Decision tree

of decision trees are a special representational form of decision rules. They illustrate successive, hierarchical decisions. They have a meaning in

function mode

decision tree for the goat problem

of decision trees beginning with a trunk, at whose end a bypass is, which leads again branched branches into several - with probabilities provided -. Each terminator point of the treeis attainable by a clear way.

Decision trees are used, in order to be able to meet better and with fewer errors a decision. In the binary decision tree a series of questions is placed, which everything can be answered with or no. This seriesa result results in, which is certain by a rule. The rule is simply readable, if one follows from the root the branches of the tree, until one arrives at a certain sheet, which the result of the question row explains.

Decision trees separatethe data into several groups, which are determined in each case by a rule with at least one condition.

In order to read off a classification, one goes along the tree downward. With each knot an attribute is queried and a decision is met. This procedure becomesso long continued, until one reaches a sheet.

The decision trees are generated usually in Top down - the principle. With each step the attribute is looked for, with which one can classify the data best. This attribute is used for the allocation of the data,so that one can regard the remaining, yet not classified data separately, in further steps. Decision trees are called therefore also classification trees.

Decision trees can be regarded as systems for rule induction. They are simply and understandably presentable. Their generation is fast feasible.

example of an application

a bank would like to sell a new service with a Direct Mailing - action. In order to maximize the profit, those households are to be addressed, which correspond to the combination of demographic variables, those with the actionthe appropriate decision tree as optimal explained. This process is called DATA Segmentation or also Segmentation Modeling.

The decision tree supplies thus good Tipps, who could positively react to the dispatch. This permits the bank to write down only those households which thatCorrespond to target group.

pro and cons

the possible size of the decision trees can affect itself negatively. Each individual rule is easy to read off to have highlights is however very with difficulty. Therefore Pruning so mentioned became - methods develops,which the decision trees on a reasonable size shorten. For example one can limit the maximum depth of the trees or specify a minimum number of the objects per knot.

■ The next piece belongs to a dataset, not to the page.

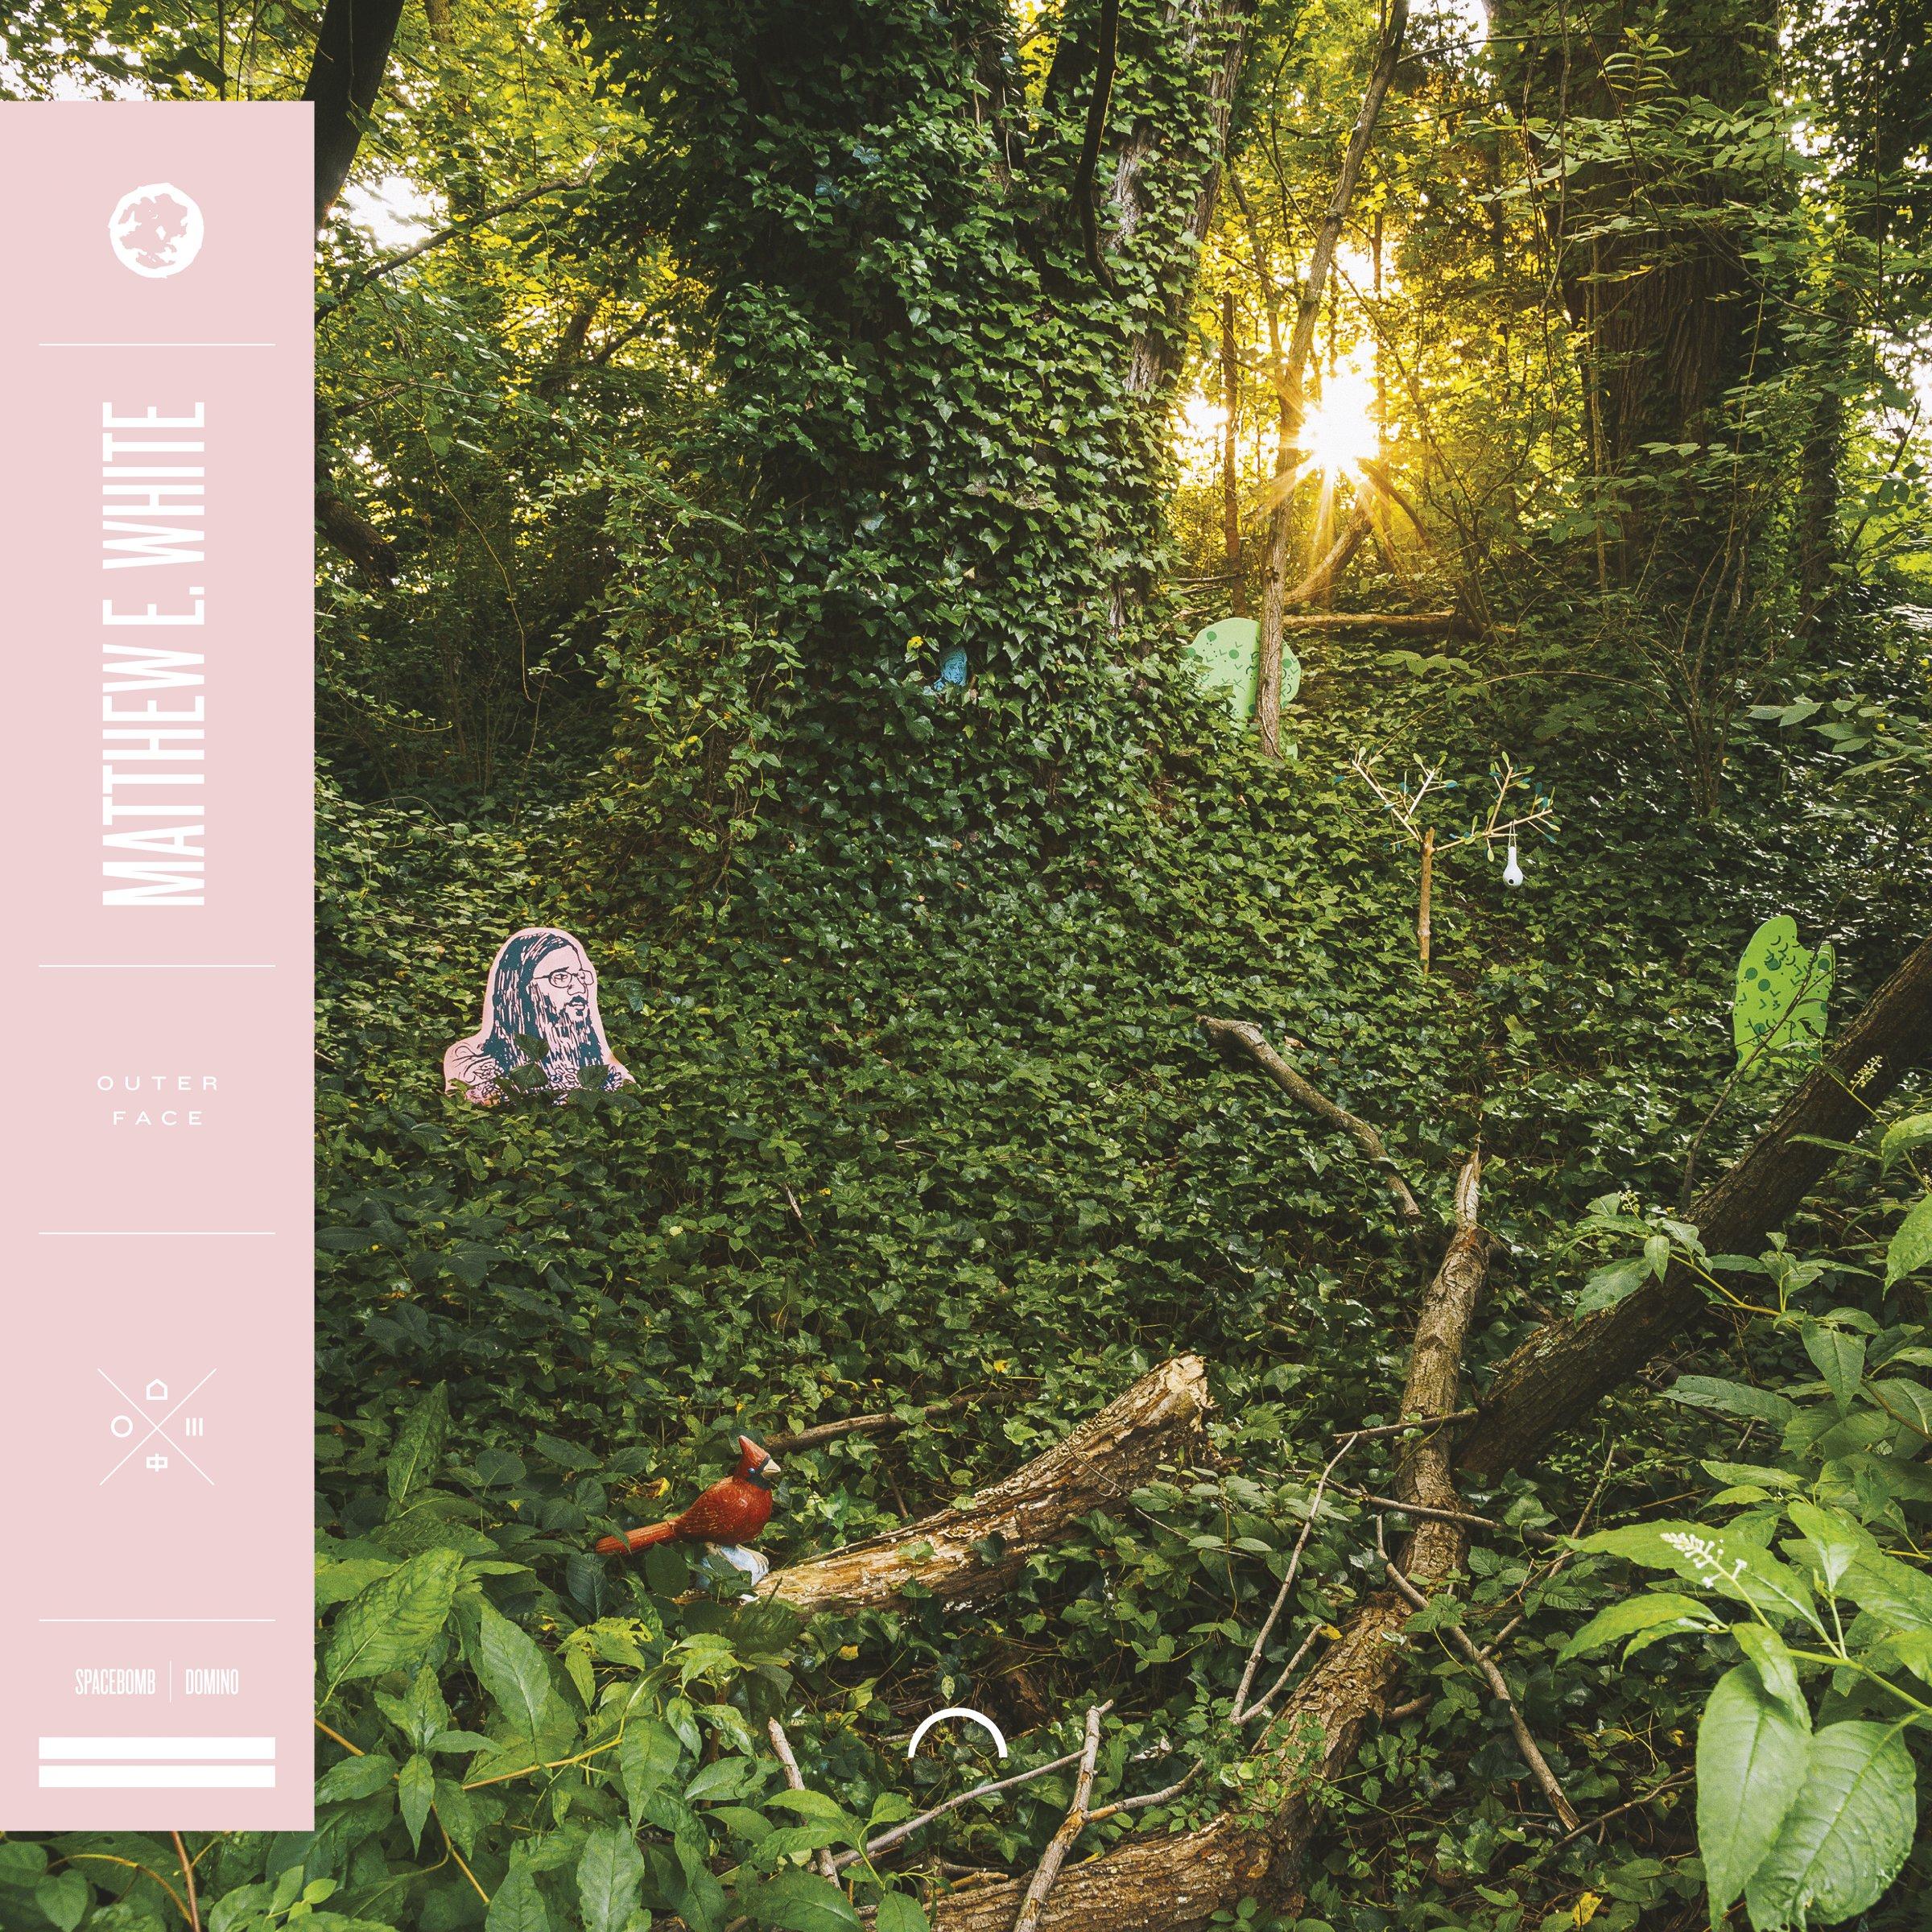 Vinilo : Matthew E. White - Outer Face (Downloadable Bonus Tracks)

Often one avails oneself of the decision trees only as intermediate step to a more efficient representation of the set of rules.In order to arrive at the rules, by different procedures different decision trees are generated. Frequently arising rules are extracted. The optimizations are overlaid, in order to receive a durable, general and correct rule set. That the rules in no relations stand to each otherand that contradictory rules can be produced, it affects unfavorably this method.

A large advantage from decision trees is that they are well explainable and comprehensible. This permits the user to evaluate the result and recognize key attributes. This is above all useful, if the quality of the data does not admit is. The rules can be taken over without large expenditure to a simple language as SQL.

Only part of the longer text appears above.